GD^2-NeRF: Generative Detail Compensation via GAN and Diffusion for One-shot Generalizable Neural Radiance Fields

In this paper, we focus on the One-shot Novel View Synthesis (O-NVS) task which targets synthesizing photo-realistic novel views given only one reference image per scene. Previous One-shot Generalizable Neural Radiance Fields (OG-NeRF) methods solve this task in an inference-time finetuning-free manner, yet suffer the blurry issue due to the encoder-only architecture that highly relies on the limited reference image. On the other hand, recent diffusion-based image-to-3d methods show vivid plausible results via distilling pre-trained 2D diffusion models into a 3D representation, yet require tedious per-scene optimization. Targeting these issues, we propose the GD$^2$-NeRF, a Generative Detail compensation framework via GAN and Diffusion that is both inference-time finetuning-free and with vivid plausible details. In detail, following a coarse-to-fine strategy, GD$^2$-NeRF is mainly composed of a One-stage Parallel Pipeline (OPP) and a 3D-consistent Detail Enhancer (Diff3DE). At the coarse stage, OPP first efficiently inserts the GAN model into the existing OG-NeRF pipeline for primarily relieving the blurry issue with in-distribution priors captured from the training dataset, achieving a good balance between sharpness (LPIPS, FID) and fidelity (PSNR, SSIM). Then, at the fine stage, Diff3DE further leverages the pre-trained image diffusion models to complement rich out-distribution details while maintaining decent 3D consistency. Extensive experiments on both the synthetic and real-world datasets show that GD$^2$-NeRF noticeably improves the details while without per-scene finetuning.

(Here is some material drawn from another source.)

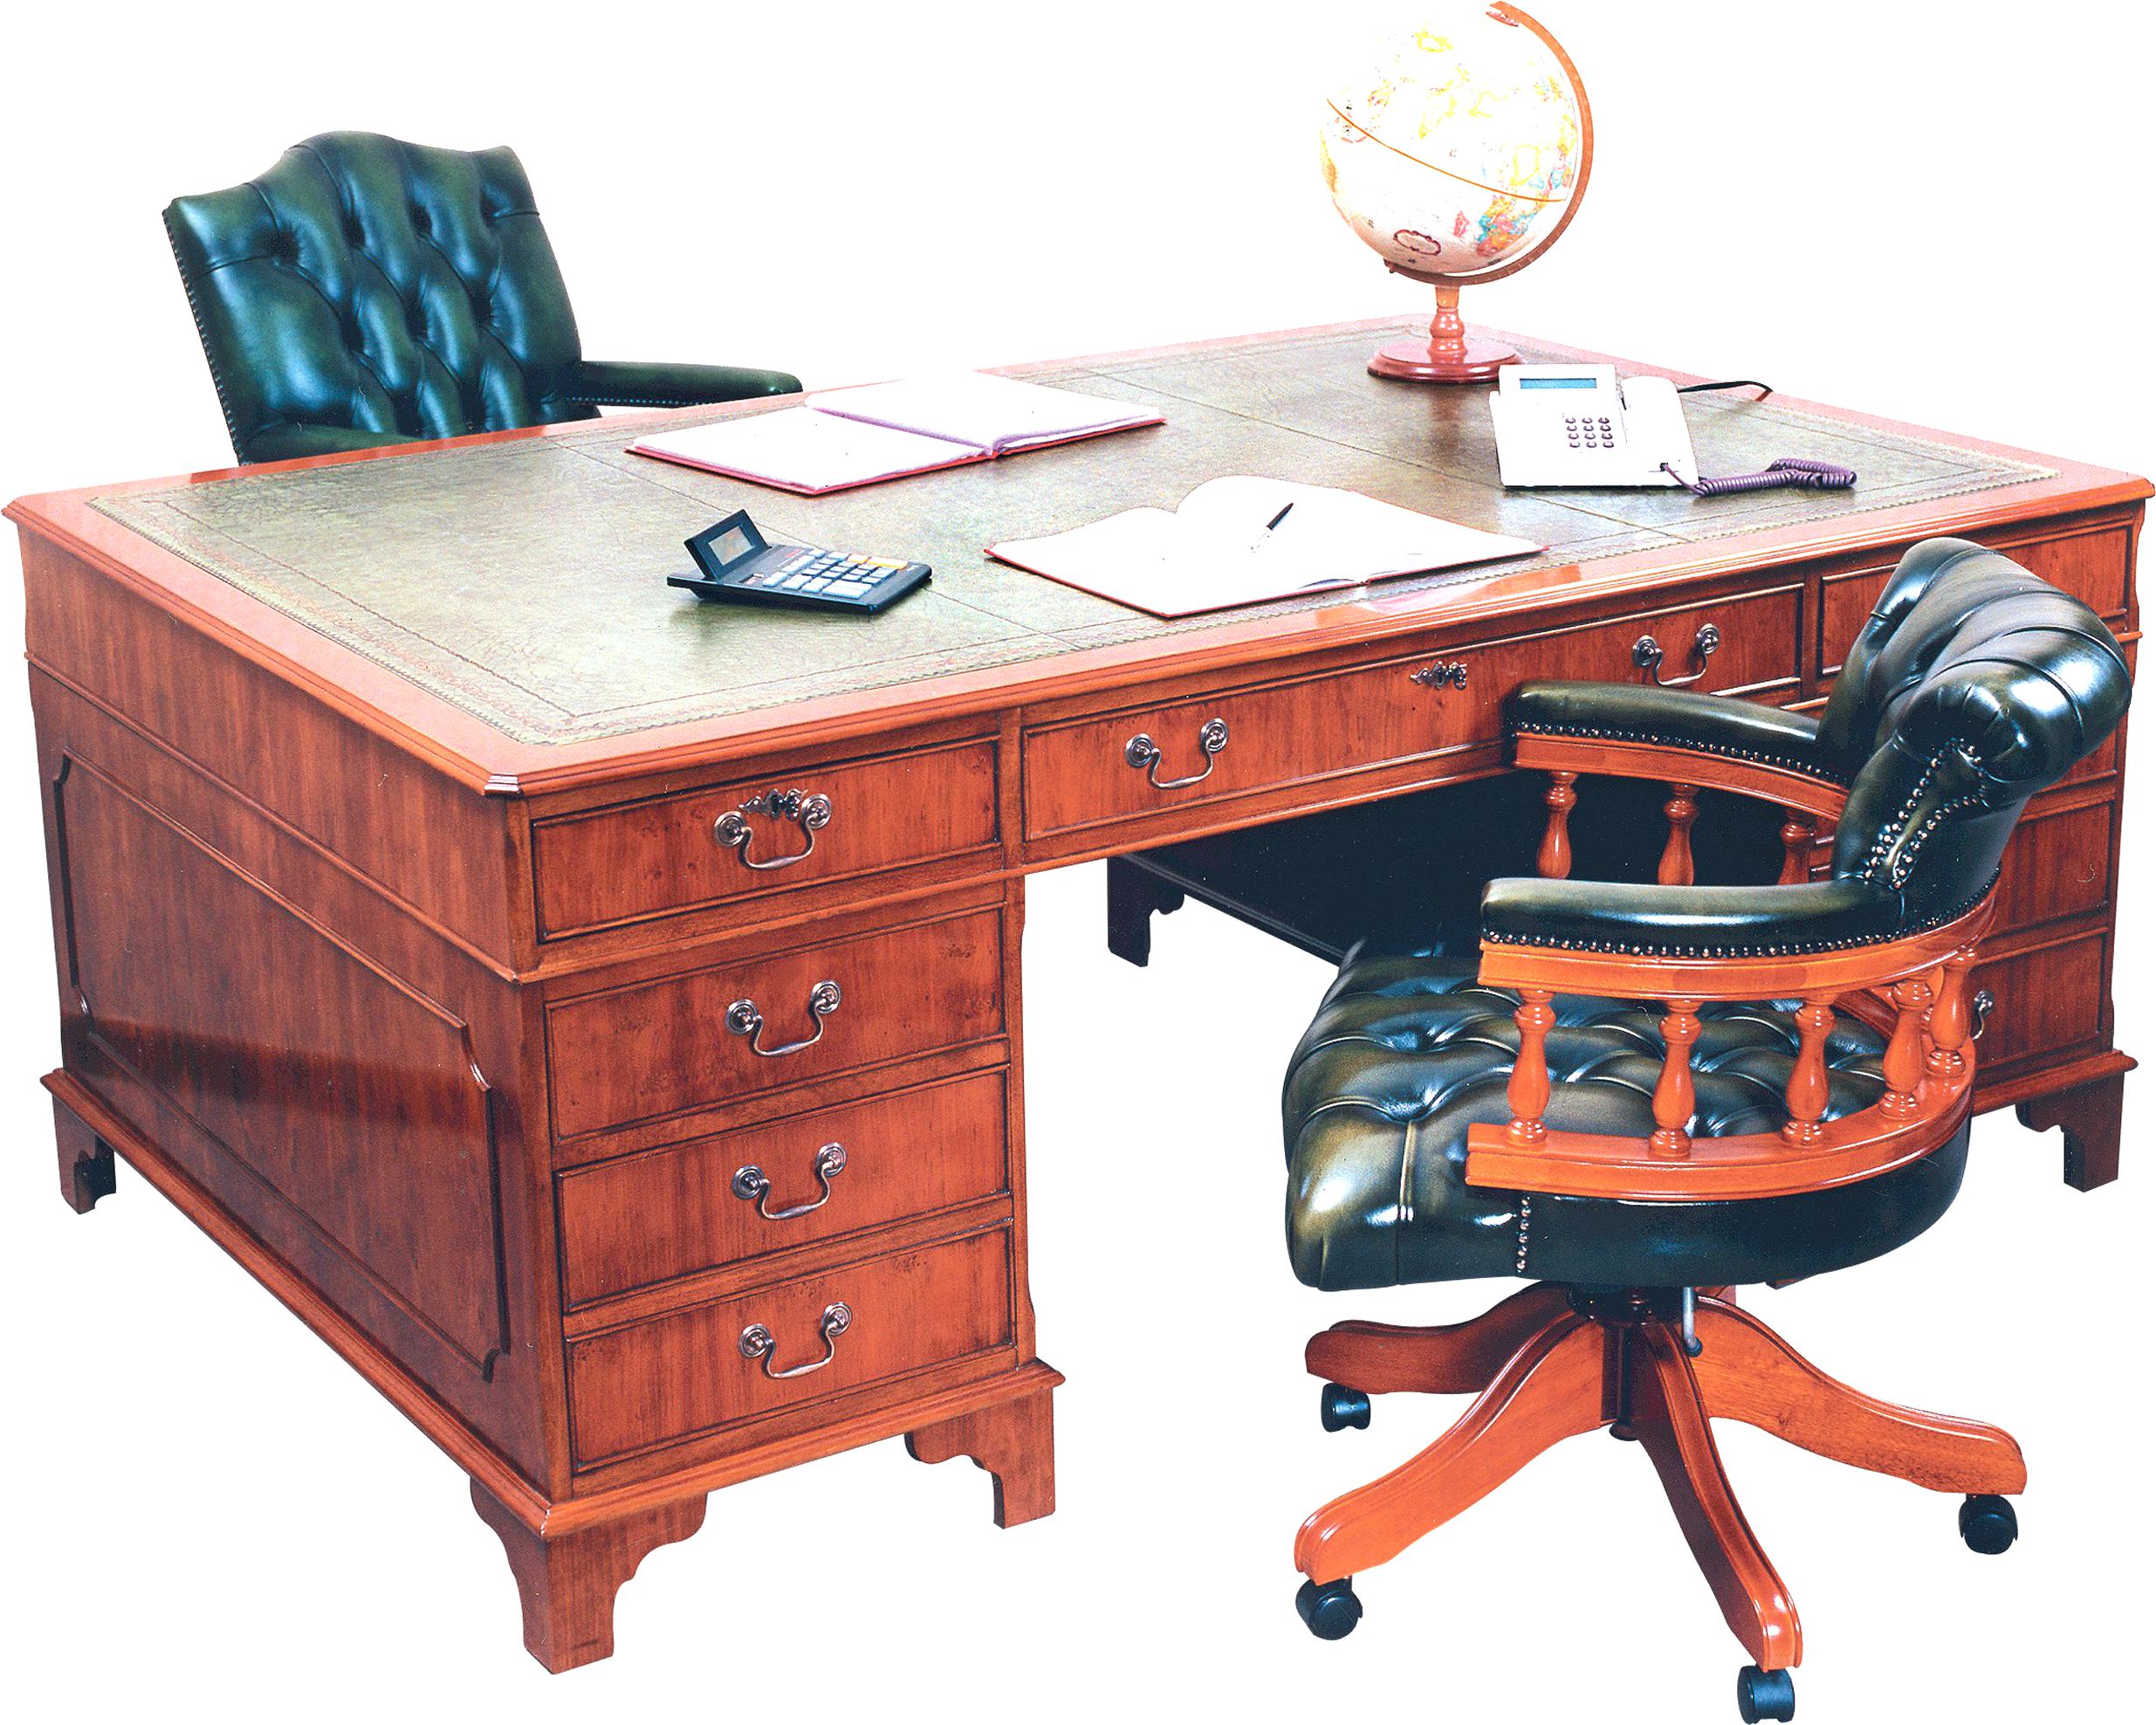 Partners Desk For Sale In Uk 74 Used Partners Desks

翻译：本文聚焦于单样本新视角合成（O-NVS）任务，其目标是在每场景仅有一张参考图像的情况下合成逼真的新视角。先前基于单样本可泛化神经辐射场（OG-NeRF）的方法以推理时免微调方式解决该任务，但由于采用仅依赖有限参考图像的编码器架构，存在模糊问题。另一方面，近期基于扩散模型的图像转3D方法通过将预训练的2D扩散模型蒸馏到3D表征中展现出逼真效果，但需对每个场景进行繁琐的优化。针对这些问题，我们提出GD²-NeRF——一种基于GAN与扩散的生成式细节补偿框架，既实现推理时免微调，又具备逼真细节。具体而言，遵循由粗到精的策略，GD²-NeRF主要由单阶段并行管道（OPP）和3D一致性细节增强器（Diff3DE）组成。在粗阶段，OPP首先将GAN模型高效嵌入现有OG-NeRF管道，利用从训练数据集中捕获的分布内先验初步缓解模糊问题，在清晰度（LPIPS、FID）与保真度（PSNR、SSIM）间取得良好平衡。随后在精阶段，Diff3DE进一步利用预训练图像扩散模型补充丰富的分布外细节，同时保持合理的3D一致性。在合成数据集与真实世界数据集上的大量实验表明，GD²-NeRF无需逐场景微调即可显著提升细节质量。